Six firefighters with Midway Fire Rescue were quarantined for 14 days after they were exposed to a patient who ultimately tested positive for COVID-19.

Fortunately, none of those first responders tested positive, but the two-week loss in manpower was significant for the smaller department.

Midway Fire Rescue covers Pawleys Island and other parts of Georgetown County.

Its fire crews have been wearing Tyvek suits over their gear and taking other precautions while responding to emergency calls for sick patients.

“We live in a small world…It’s very easy for someone, particularly in this incident, this event we are dealing with, you may not know you are exposed. And you get in a fire station, and it’s six or seven or eight men or women there and social distance…you can try to do that…but it’s like living at home,” Fire Marshal Mark Nugent said. “Then, on that same token, we don’t want them taking it home to their families.”

The International Association of Fire Fighters is working to create a database of exposures. Officials said the only way their members can protect their communities is if they have the proper personal protective equipment to prevent exposure. The group is asking its members to complete surveys to help them make sure resources are available to keep first responders safe.

According to the IAFF’s tracker, St. Johns Professional Firefighters Local 3883 reported two fire members had been exposed, but zero had been quarantined or tested.

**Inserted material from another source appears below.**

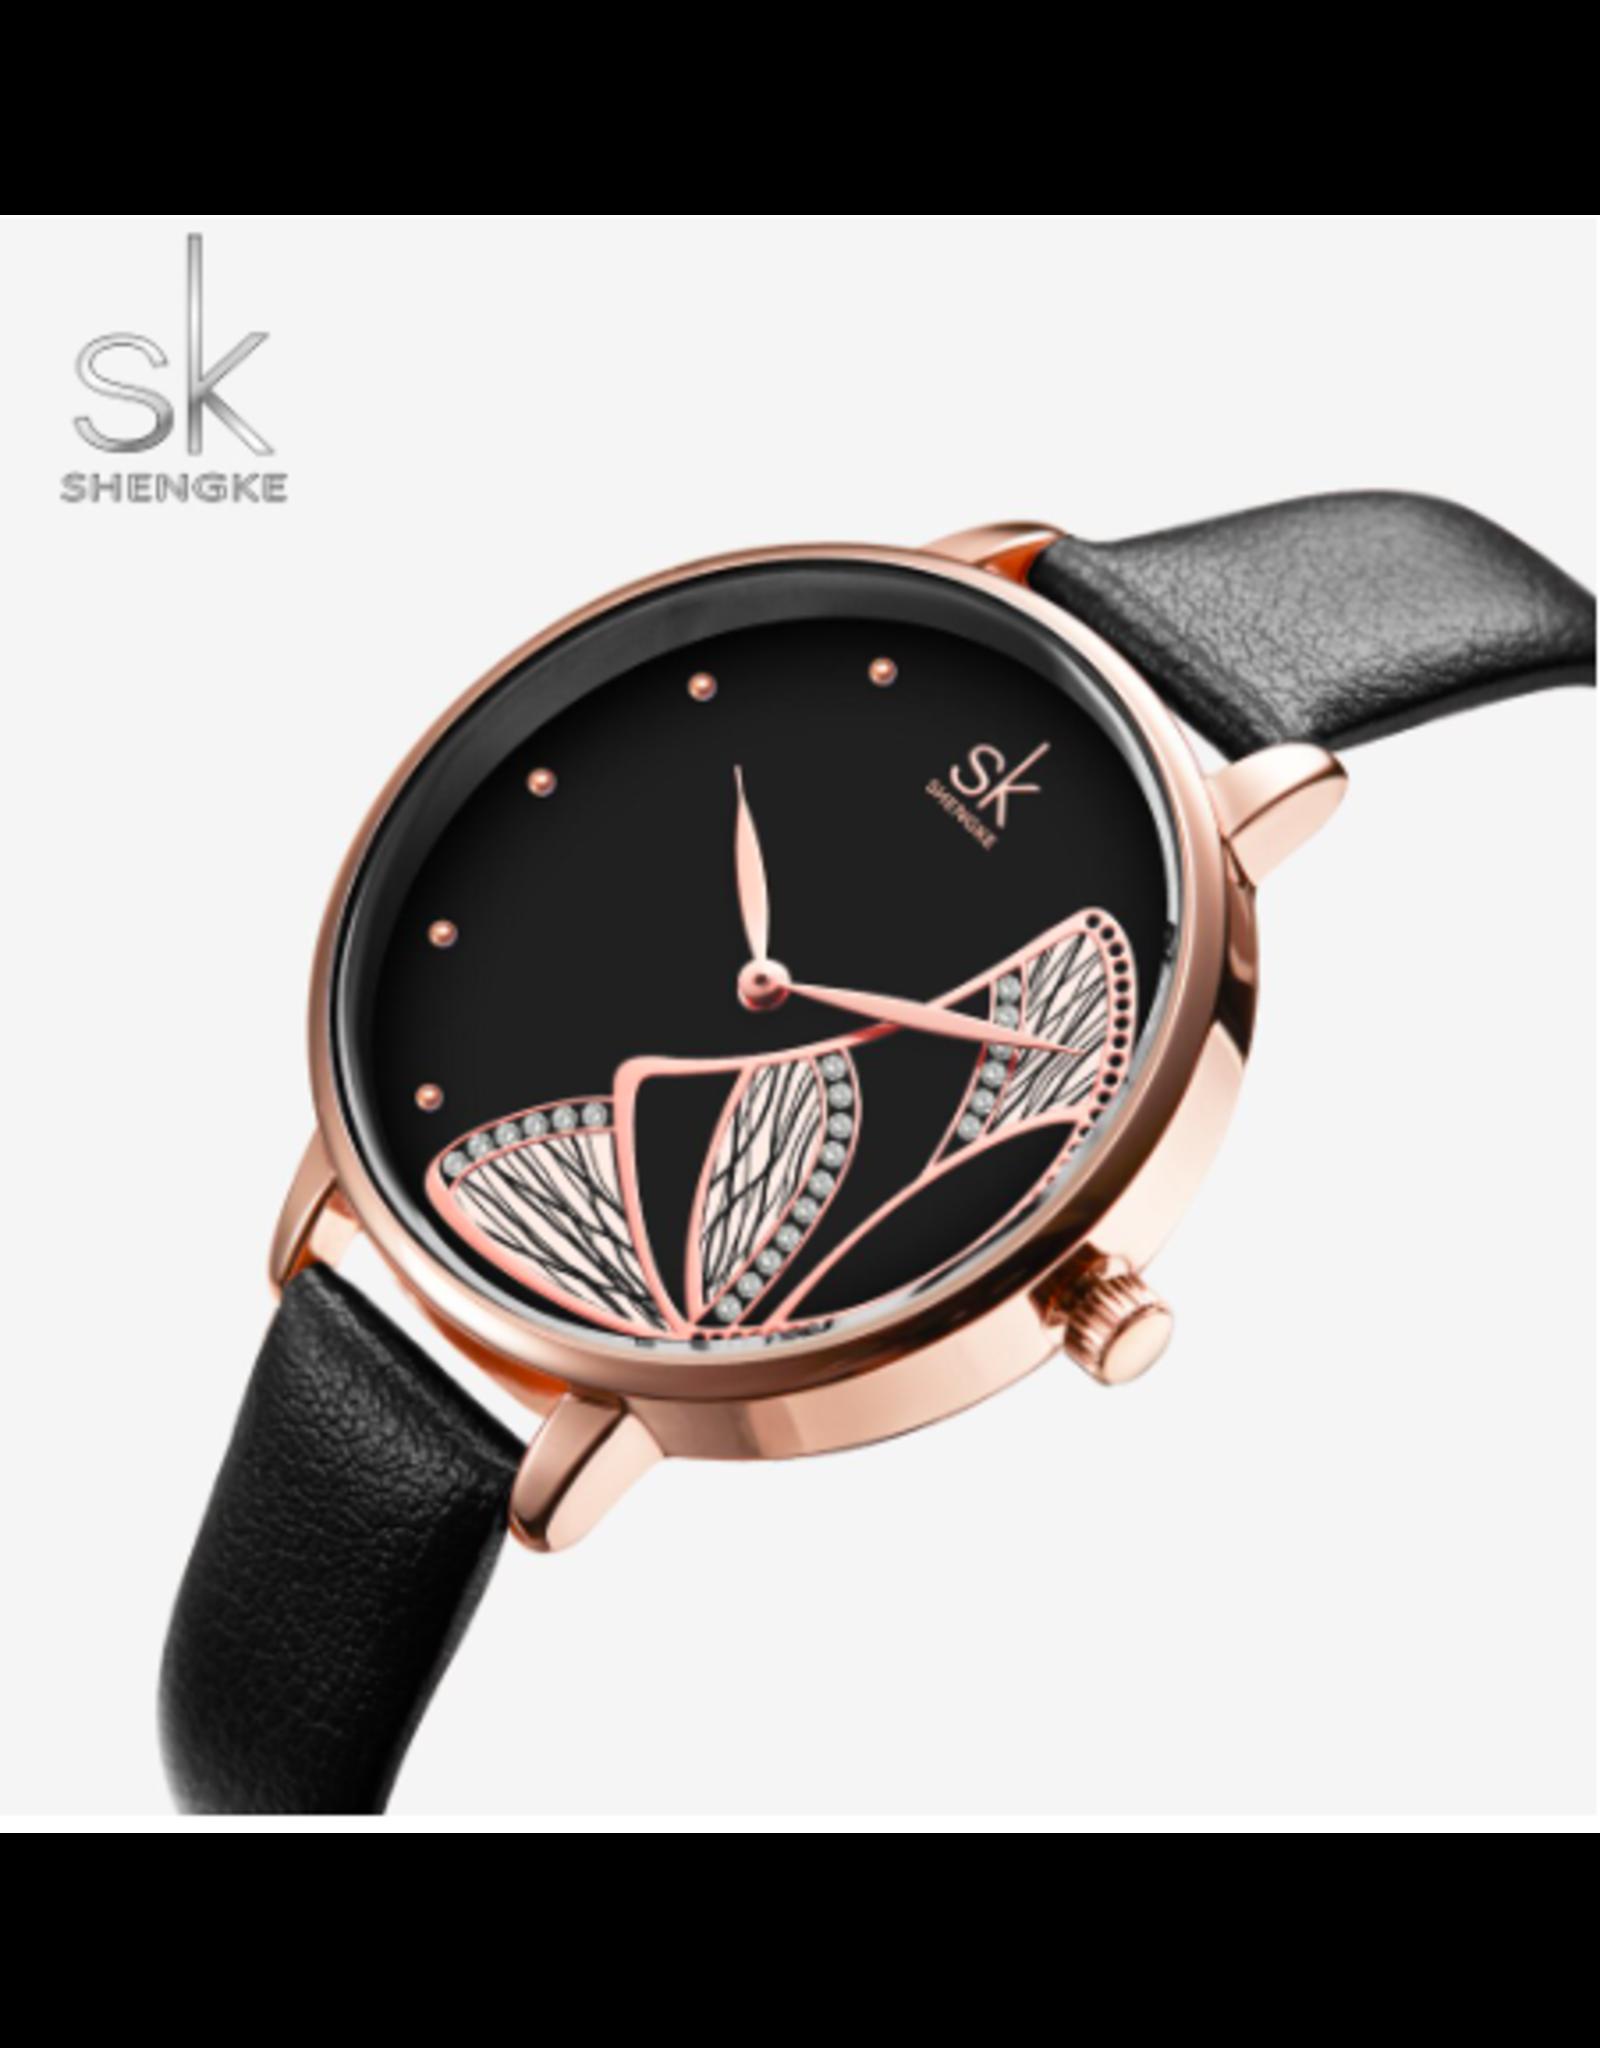 Shengke Shengke Cuir Noir Papillon

Meanwhile, officials with the North Charleston Fire Department said they’ve had four exposed personnel, five quarantined, and one firefighter who has tested positive for the coronavirus.

The firefighter has since recovered and has been cleared to return to work, according to Stephanie Julazadeh, the department’s deputy chief of professional standards.

Like many surrounding departments, North Charleston’s fire stations have been closed to visitors, citizens requesting smoke alarm installations in their homes are being screened for COVID-19 symptoms, and car seat safety checks are being done virtually.

Julazadeh also said firefighters are staging for non-critical EMS calls to reduce the amount of exposure to a patient, receiving information from dispatchers if a patent has had any coronavirus symptoms, and wearing facemasks, face shields, gowns and gloves to protect themselves from exposure.